Earth Days

A PBS film traces the history of the environmental movement and the origins of the first Earth Day and assesses how far we’ve come and how little ground we’ve gained.
The PBS American Experience film Earth Days came out last year, but its message is enduring. The film, by award-winning documentary filmmaker Robert Stone, takes viewers back to the origins of Earth Day and the birth of the environmental movement. It goes back to the environmental movement’s first pioneers, those who were active long before Leonardo DiCaprio went green. People like Population Bomb author Paul Ehrlich, Whole Earth catalog founder Stewart Brand and renewable energy pioneer Hunter Lovins.

It examines the popular green uprising that colored the 1970s and the many legislative battles that were fought and won to protect the nation’s air, water and wildlife.

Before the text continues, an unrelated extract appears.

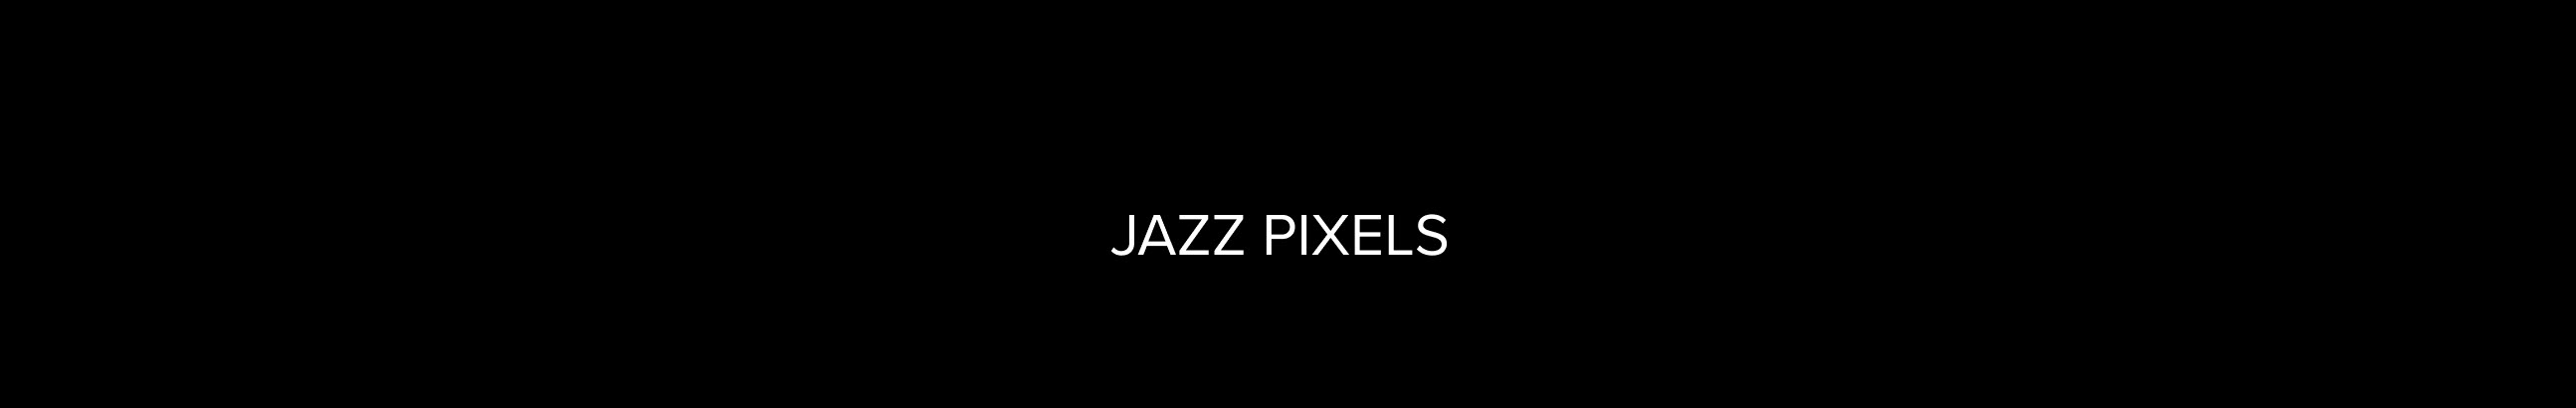 Jazz Pixels's profile banner
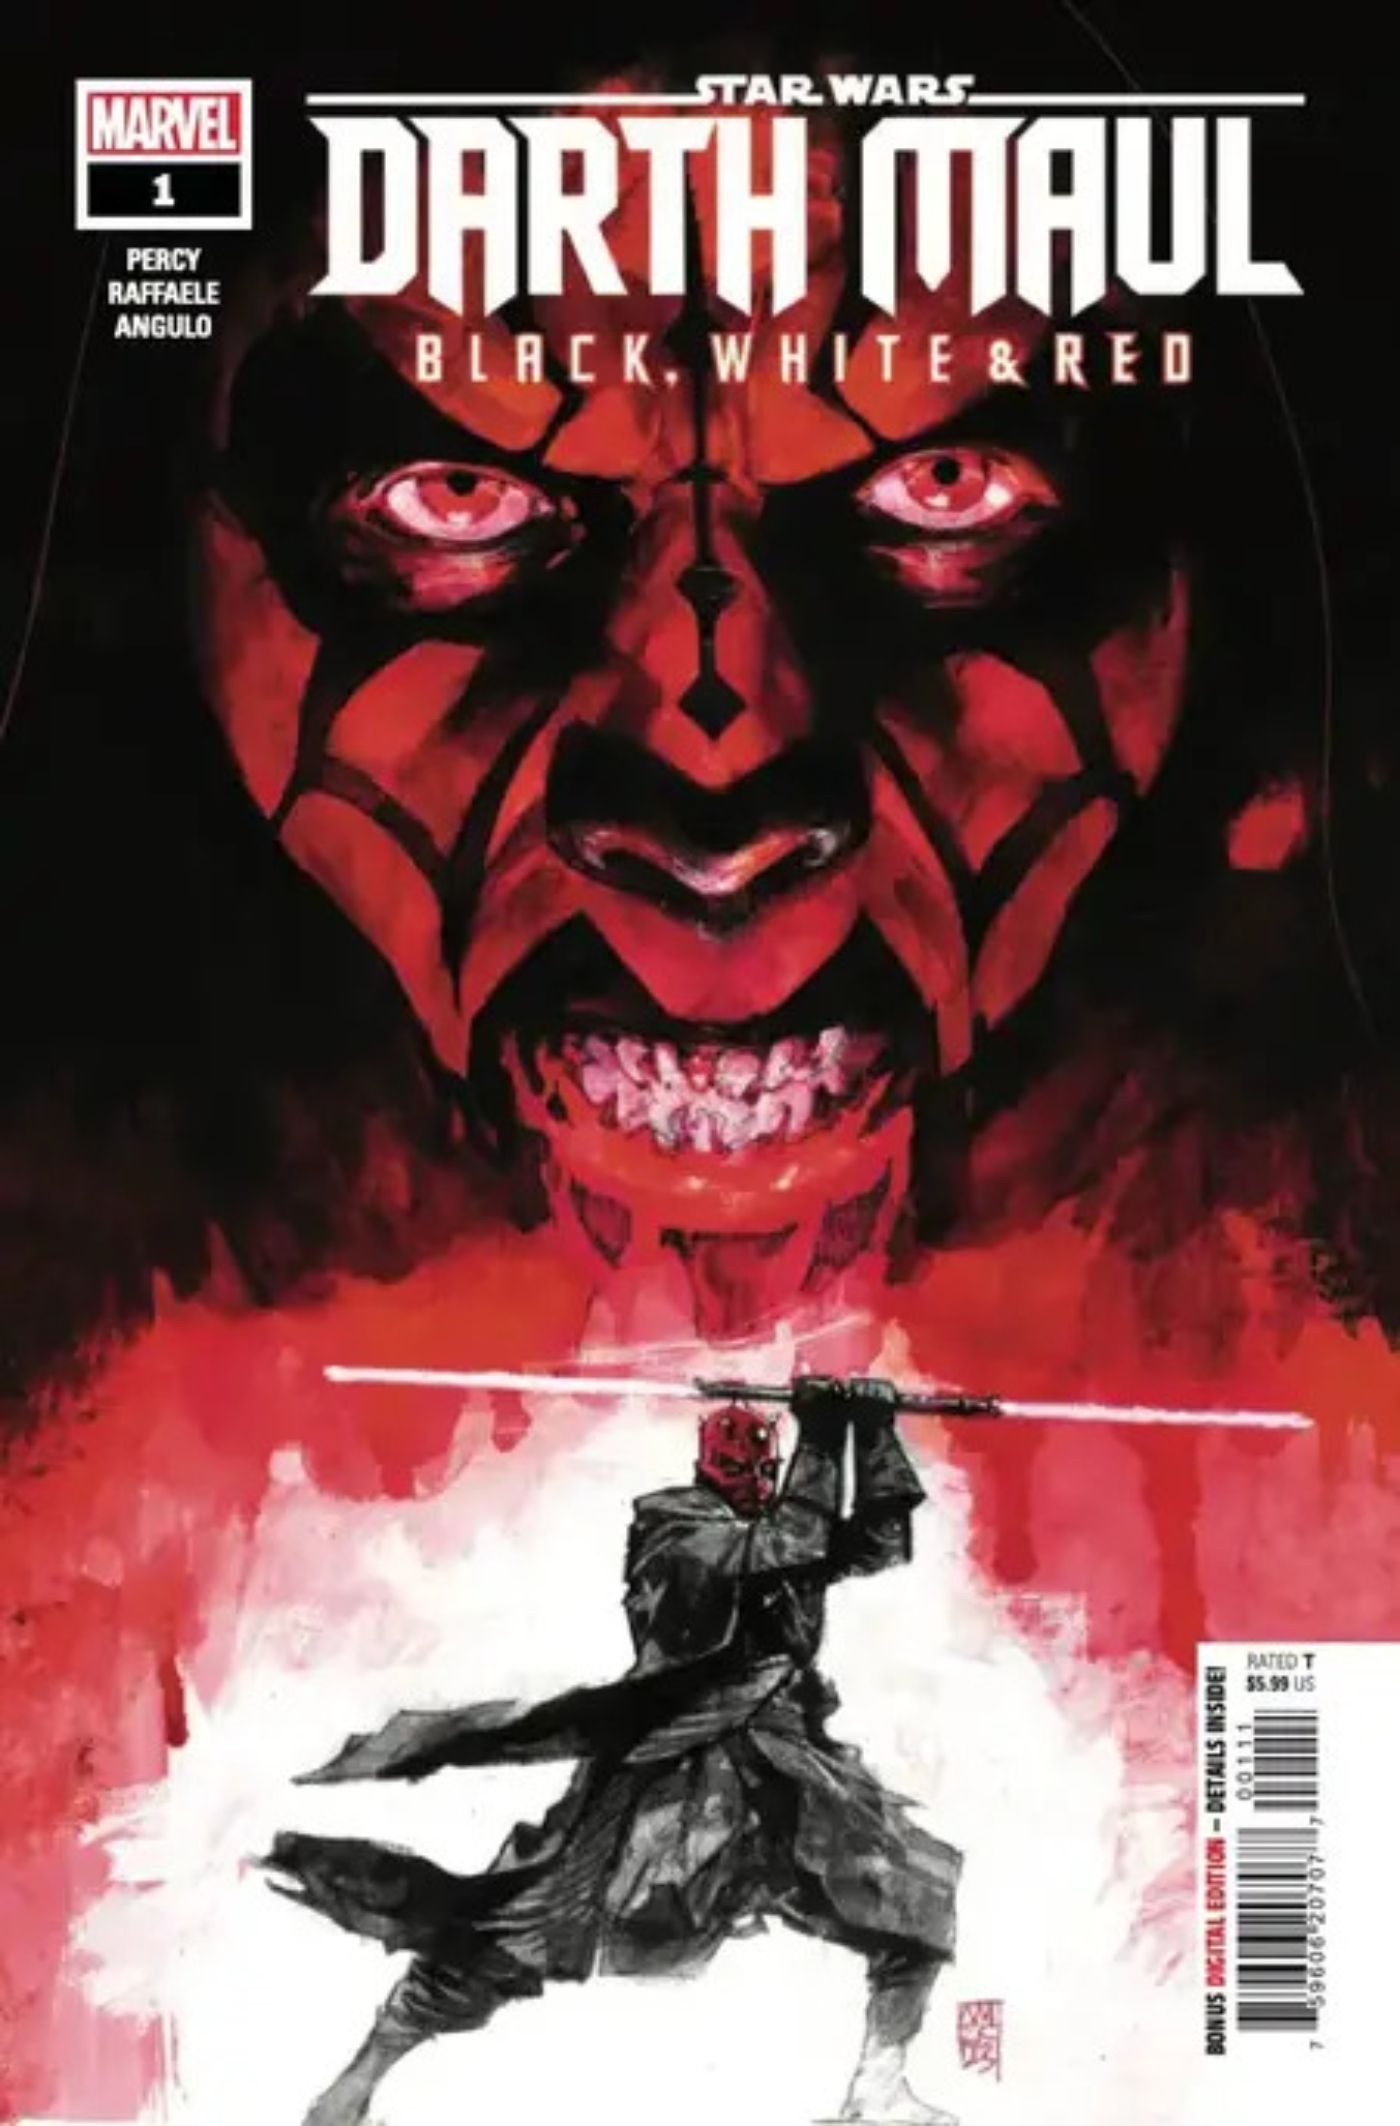 Cover of Star Wars: Darth Maul - Black, White & Red featuring Darth Maul.

Only in looking back to that first national teach-in about the environment, held on April 22, 1969, when more than 20 million Americans participated in celebrations and demonstrations in support of political action to protect the environment, are we able to appreciate how far we have come in terms of environmental awareness, and how short-changed we have been in terms of real progress on environmental issues.

Writes PBS about the film: “Earth Days is both a poetic meditation on man’s complex relationship with nature and an engaging history of the revolutionary achievements — and missed opportunities — of groundbreaking eco-activism.”